Opinión Nacional

La violencia es un torbellino sin fin

La violencia es el arma de los que no tienen razón. Sin embargo, en la medida en que la sociedad permita que ésta se instaure permanentemente resultará cada día más difícil erradicarla.

La violencia que se viene desarrollando en Venezuela tiene características similares a las de un tornado. Empieza poco a poco generada por unos desadaptados sociales, a sueldo de un proyecto político cada día más indefinido y nebuloso, para luego coger fuerza y transformarse en una violencia generalizada y sin propósito. Como la que se pudo observar a las puertas del máximo tribunal de justicia de la República.

Lo grave de esta violencia sin control es que ya no sólo involucra a ciertos adeptos al régimen y algunos de la oposición, sino que además contagia las propias fuerzas de seguridad del Estado. Como por ejemplo, el caso de la bomba lacrimógena arrojada con premeditación y alevosía por un Guardia Nacional, que no quiso dar la cara, contra un grupo pacífico de observadores que conversaban con la defensoría del pueblo.

La violencia crece como un tumor maligno en una nación como la venezolana, que ha sido históricamente un país pacífica. Es verdad que había signos de grave deterioro social, como lo expresan las cifras trágicas de asesinatos que ocurren cada fin de semana. No obstante, había un optimismo subyacente sostenido en que de producirse los cambios necesarios en la conducción del Estado, las condiciones socioeconómicas de la población mejorarían. En consecuencia se establecería un clima de confianza que permitiría enfrentar y erradicar los principales males sociales, que impiden que Venezuela se convierta en una nación próspera y moderna.

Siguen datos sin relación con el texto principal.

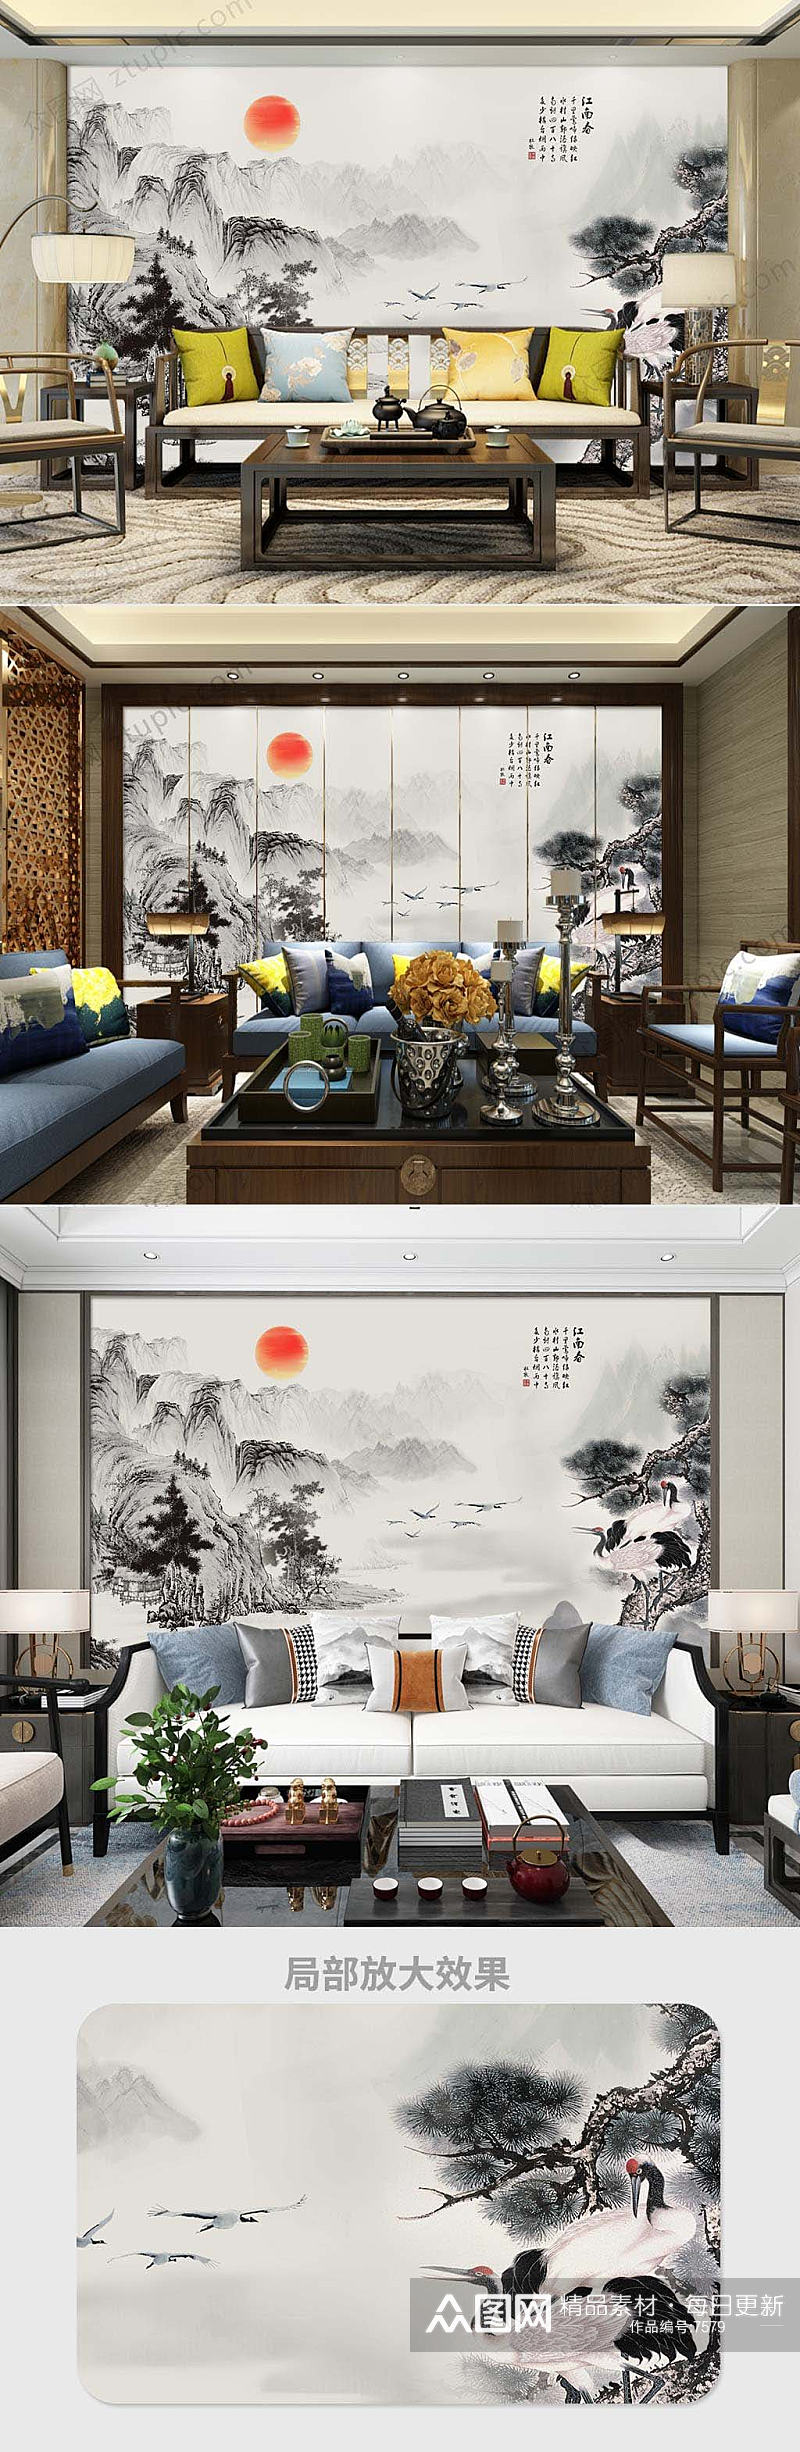 中国风水墨背景墙素材

Hoy vemos con horror como gente de naturaleza pacífica contempla como un mal necesario una posible guerra civil. El clima político enrarecido en el que vivimos, la recesión económica y la perdida de la esperanza en la mayor parte de la población constituyen, lamentablemente, un caldo de cultivo favorable a las soluciones desesperadas para lograr aminorar la angustia que no permite vivir en paz.

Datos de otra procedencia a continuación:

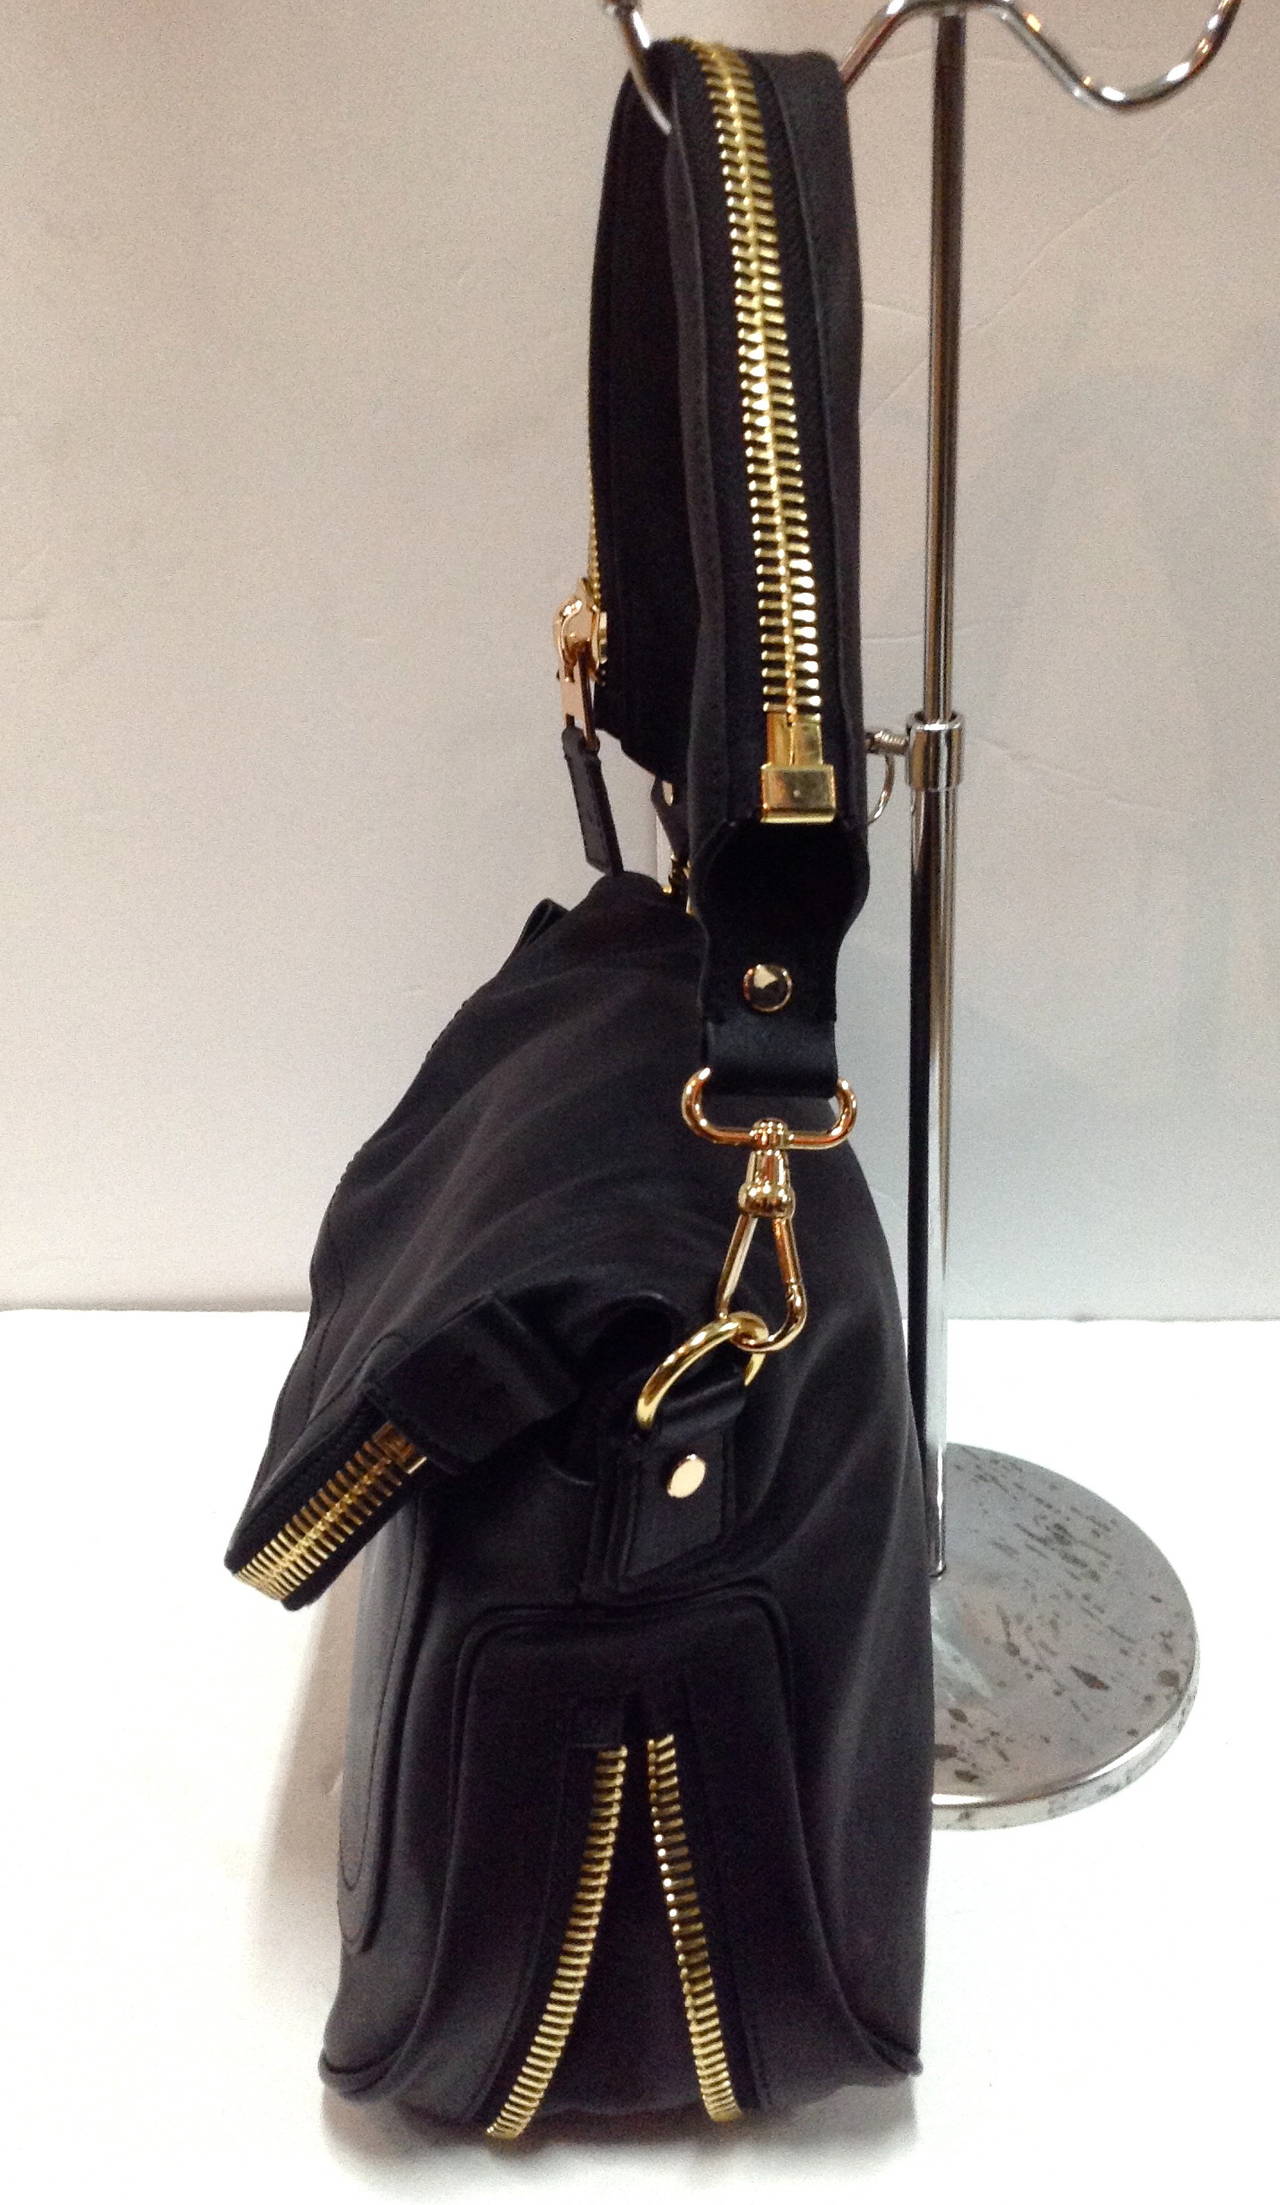 2013 Tom Ford Jennifer Leather Shoulder Bag Retail $3200 For Sale 2

Es obvio que la guerra civil no es una solución. Baste recordar lo que le costó eso a la sociedad española, salvadoreña, nicaragüense y le sigue costando a Colombia. La guerra no corrige nada. Sólo destruye y siembra heridas difíciles de sanar. Lo grave es que hay personas que la ven como un proceso necesario de redención social. Es decir, vendría a ser una forma de expiación colectiva para curarnos de los vicios de esta sociedad sin remedio. Tantos utópicos han desfilado por el camino de crear la sociedad perfecta sobre las cenizas del antiguo régimen para que luego el tiempo, una vez superado el furor revolucionario, ponga de nuevo las cosas en su lugar. En el fondo estos “revolucionarios” son los eternos parteros del bonapartismo. Alguien dijo una vez que la naturaleza aborrece el vació, en verdad lo que la sociedad no soporta es el caos permanente y por lo tanto después de un tiempo de violencia desorganizada viene inevitablemente un orden violento.

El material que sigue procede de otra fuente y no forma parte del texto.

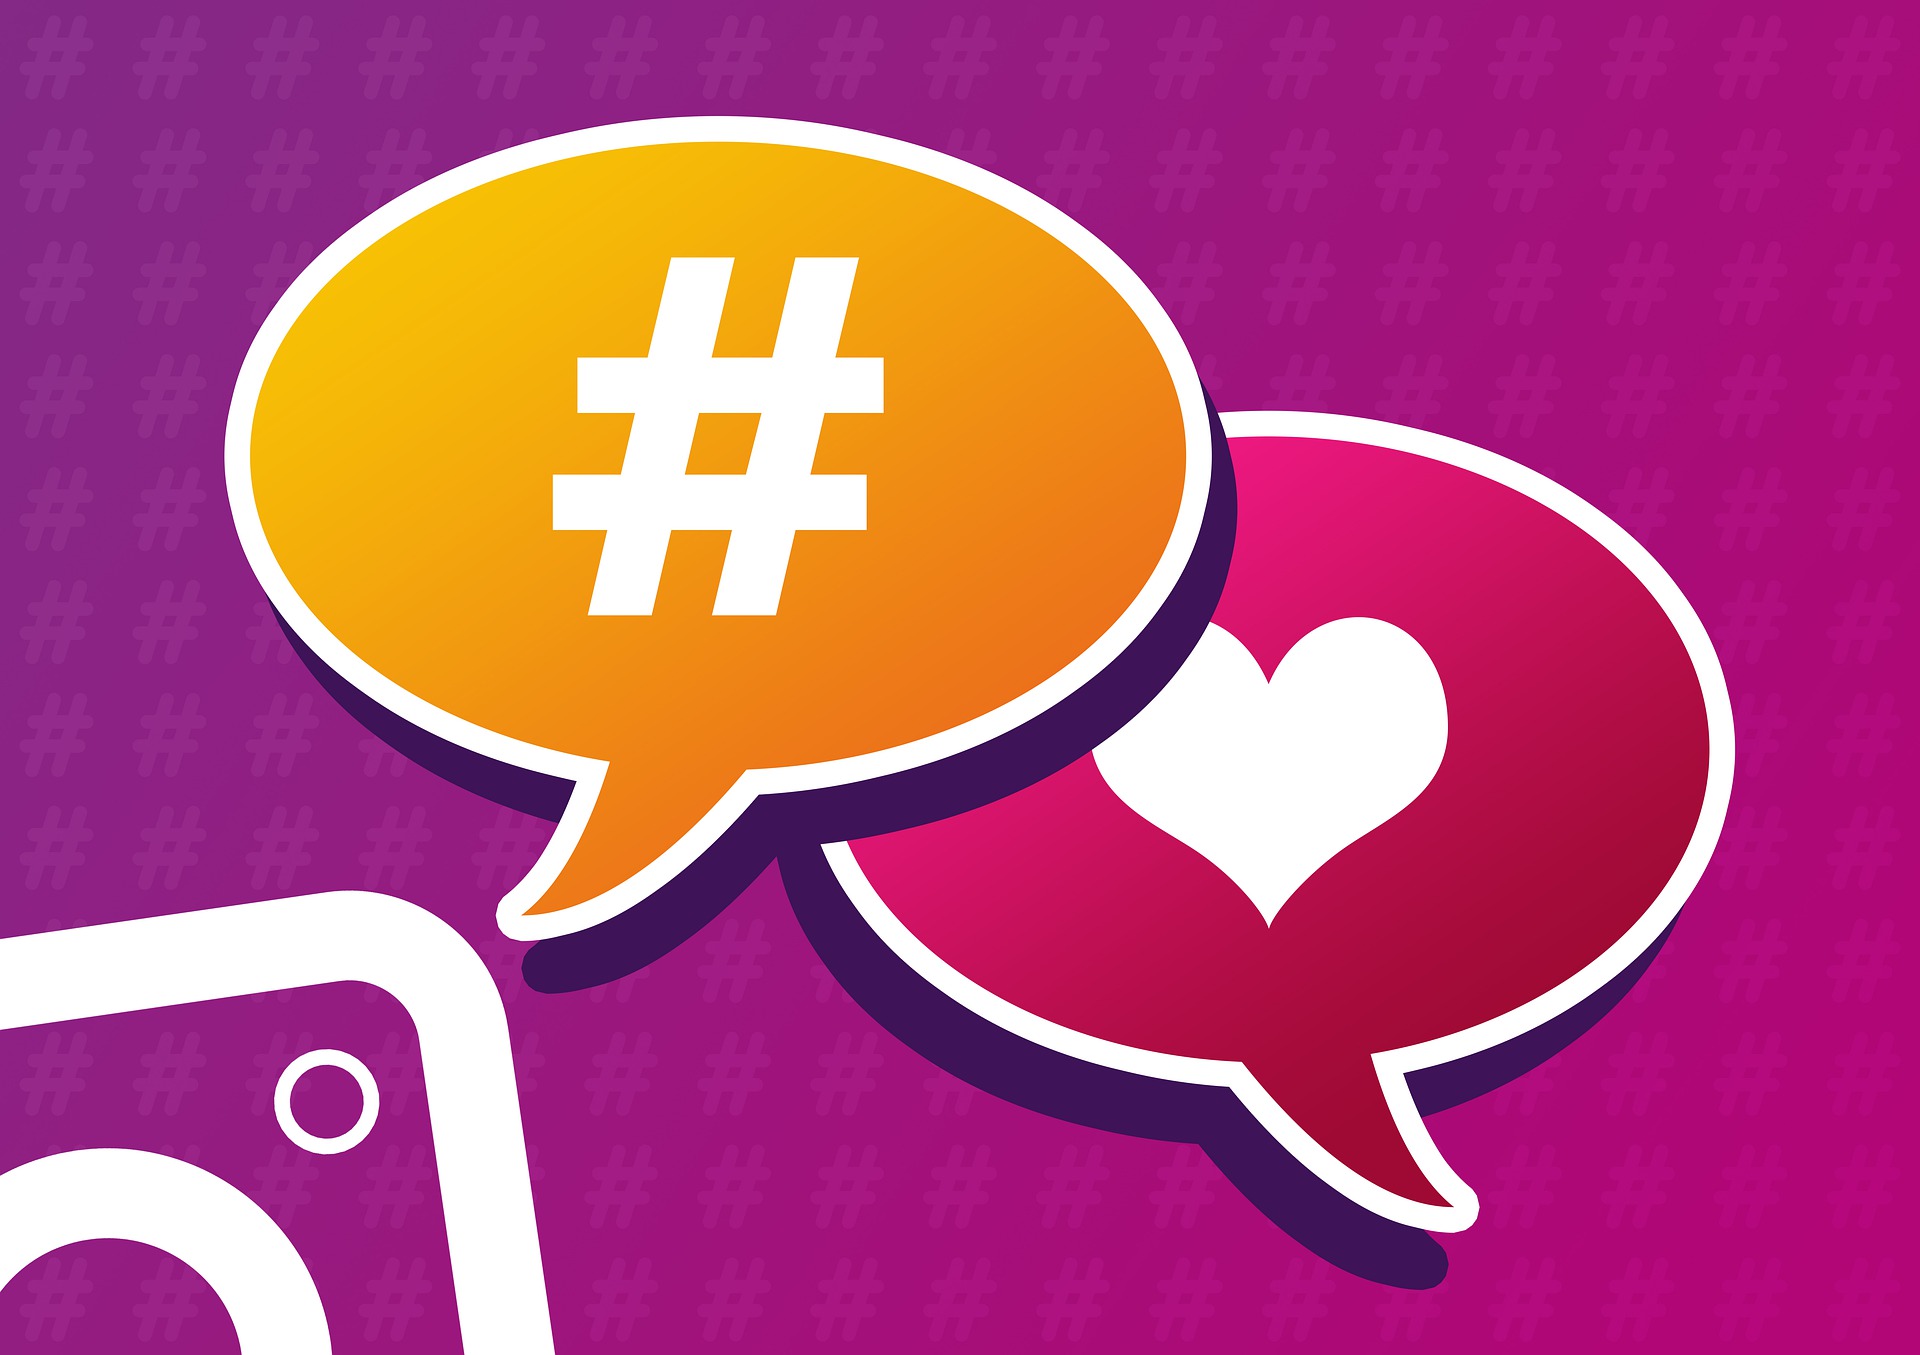 Sprechblase mit Hashtag und Herz sowie Ausschnitt des Instagram-Logos

No sé si en verdad hay una voluntad de los principales actores políticos y militares del país en buscar una salida pacífica y racional a la crisis que nos envuelve como en un torbellino sin límites. Pienso que tristemente prevalece aún aquel adagio popular que “en río revuelto ganancia de pescadores”. El diálogo concebido como una fórmula oportunista para conservar el poder, en un «quitate tú que me pongo yo», no conducirá a ningún sitio sino a la aceleración del tornado de la violencia que sí nos llevará, después de causar mucho daño, a un nuevo orden político en que la gran perdedora será la libertad.